SECTION 3. TRANSACTIONS TO WHICH THIS REVENUE PROCEDURE APPLIES

This revenue procedure applies to transactions in which—

(1) D owns C stock not constituting control of C;

(2) C issues shares of one or more classes of stock to D and/or to other shareholders of C (the issuance), as a result of which D owns C stock possessing at least 80 percent of the total combined voting power of all classes of C stock entitled to vote and at least 80 percent of the total number of shares of all other classes of stock of C;

(3) D distributes its C stock in a transaction that otherwise qualifies under § 355 (the distribution); and

(4) C subsequently engages in a transaction that, actually or in effect, substantially restores (a) C’s shareholders to the relative interests, direct or indirect, they would have held in C (or a successor to C) had the issuance not occurred; and/or (b) the relative voting rights and value of the C classes of stock that were present prior to the issuance (an unwind).

SECTION 4. SAFE HARBORS

The IRS will not assert that a transaction described in section 3 of this revenue procedure lacks substance, and that therefore D lacked control of C immediately before the distribution, within the meaning of § 355(a)(1)(A) of the Code, if the transaction is also described in one of the following safe harbors:

.01 No Action Taken Within 24 Months.

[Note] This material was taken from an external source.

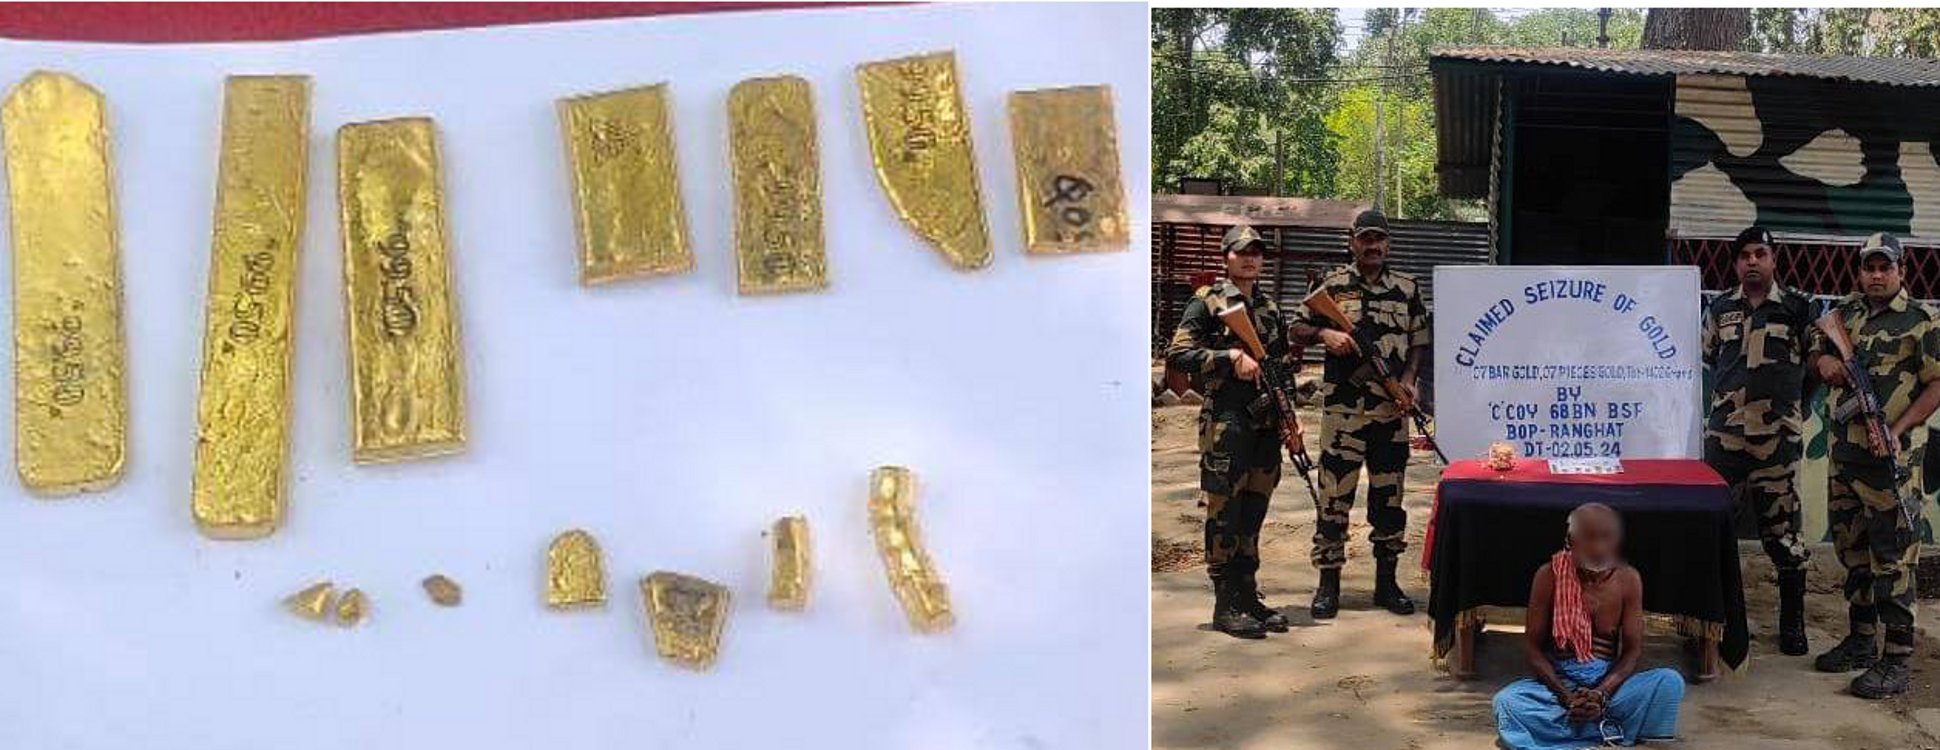 भारत-बांग्लादेश अंतरराष्ट्रीय सीमा से एक महीने में 5.5 करोड़ रुपये के सोने के
बिस्कुट बरामद

No action is taken (including the adoption of any plan or policy), at any time prior to 24 months after the distribution, by C’s board of directors, C’s management, or any of C’s controlling shareholders (as defined in § 1.355–7(h)(3)) that would (if implemented) actually or effectively result in an unwind.

.02 Unanticipated Third Party Transaction. C engages in a transaction with one or more persons (for example, a merger of C with another corporation) that results in an unwind, regardless of whether the transaction takes place more or less than 24 months after the distribution, provided that—

(1) There is no agreement, understanding, arrangement, or substantial negotiations (within the meaning of § 1.355–7(h)(1)) or discussions (within the meaning of § 1.355–7(h)(6)) concerning the transaction or a similar transaction (applying the principles of § 1.355–7(h)(12) and (13), relating to similar acquisitions), at any time during the 24-month period ending on the date of the distribution; and

(2) No more than 20 percent of the interest in the other party, in vote or value, is owned by the same persons that own more than 20 percent in vote or value of the stock of C. For purposes of the preceding sentence, ownership is determined by application of the constructive ownership rules of § 318(a) as modified by § 304(c)(3), except that for purposes of applying § 318(a)(3)(A) and (B), the principles of § 304(c)(3)(B)(ii) (without regard to § 304(c)(3)(B)(ii)(I)) apply. In the case of a corporation the stock of which is listed on an established market (within the meaning of § 1.355–7(h)(7)), the persons referred to in the first sentence of this section 4.02(2) are limited to controlling shareholders (within the meaning of § 1.355–7(h)(3)(i), taking into account § 1.355–7(h)(8) but without regard to whether stock of a corporation is transferred) and ten-percent shareholders (within the meaning of § 1.355–7(h)(14) but without regard to the second sentence thereof or whether stock of a corporation is transferred).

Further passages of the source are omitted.